2 Responses to #WadGate: Labour announces inquiry into Tory leader’s cash

  1. The only way that any inquiry into #WadGate or Elverygate will have any validity at all is if it is chaired by someone who has nothing at all to do with Croydon, no stake in the Borough and no possible interest in the outcome.

    Worthy as she seems, Anne Smith is not that person.

  2. Gutter politics.

    When Labour was in control of the council they introduced this allowance system so that most of their councillors had no other income could earn some money out of the tax-payer.

    This increased the budget by £1.4 million and to cover that and other over spend they had to increase the Council Tax by 27%.

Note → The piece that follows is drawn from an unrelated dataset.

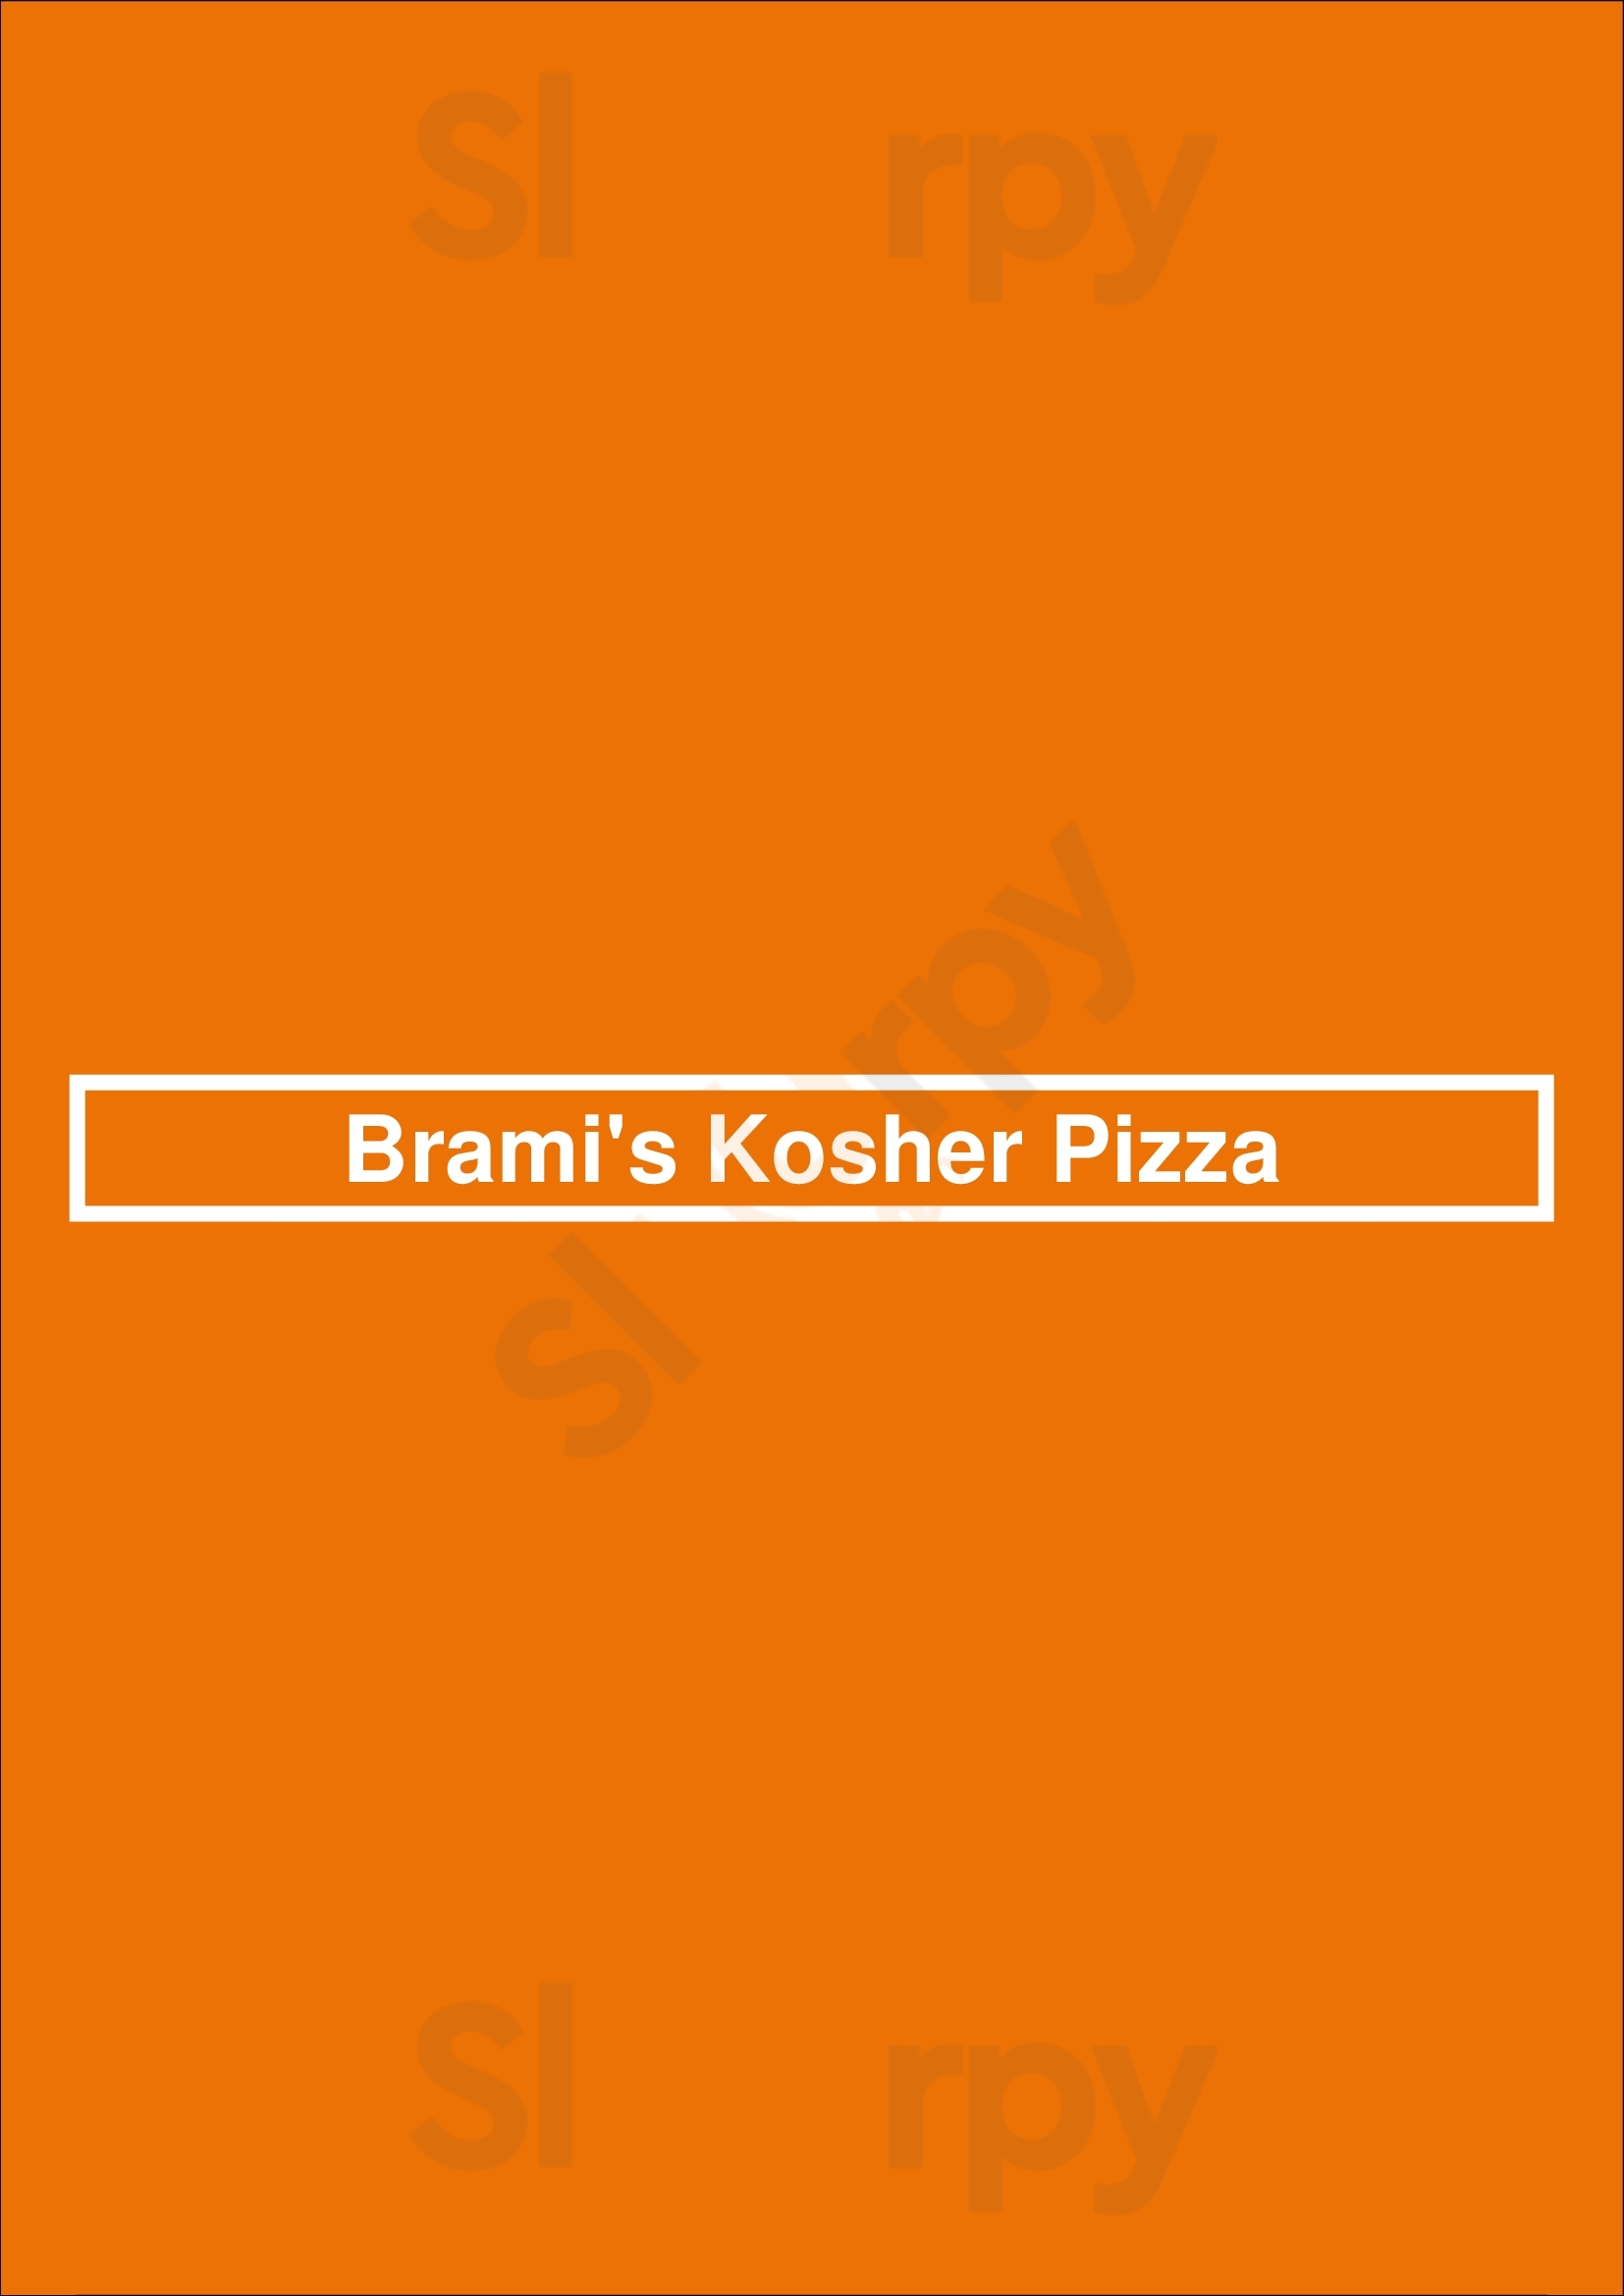 Brami's Kosher Pizza Los Angeles Menu - 1

    The Tories who made such a big issue about the 27% Council Tax rise failed to bring the Council Tax to the same levels as before. I do agree that part of the increase was for the London Mayor Ken Leavingsoon and then Boris Johnson (the one who got on the wrong train to East Dulwich, not East Croydon).

    If councillors have no other source of income (pension or another job), it is perfectly reasonable to claim an allowance provided they spend more hours doing council work.

    Some councillors claimed that they worked 80 hours a week including their full-time jobs. If one works 80 hours a week then he or she can’t be productive .

    It is morally wrong for the cabinet members to claim £43,000 for part-time work, when council officers who actually do the job are not paid that amount for their full-time job.

    I am a Conservative but for a very good reason I am with the TUC on this one.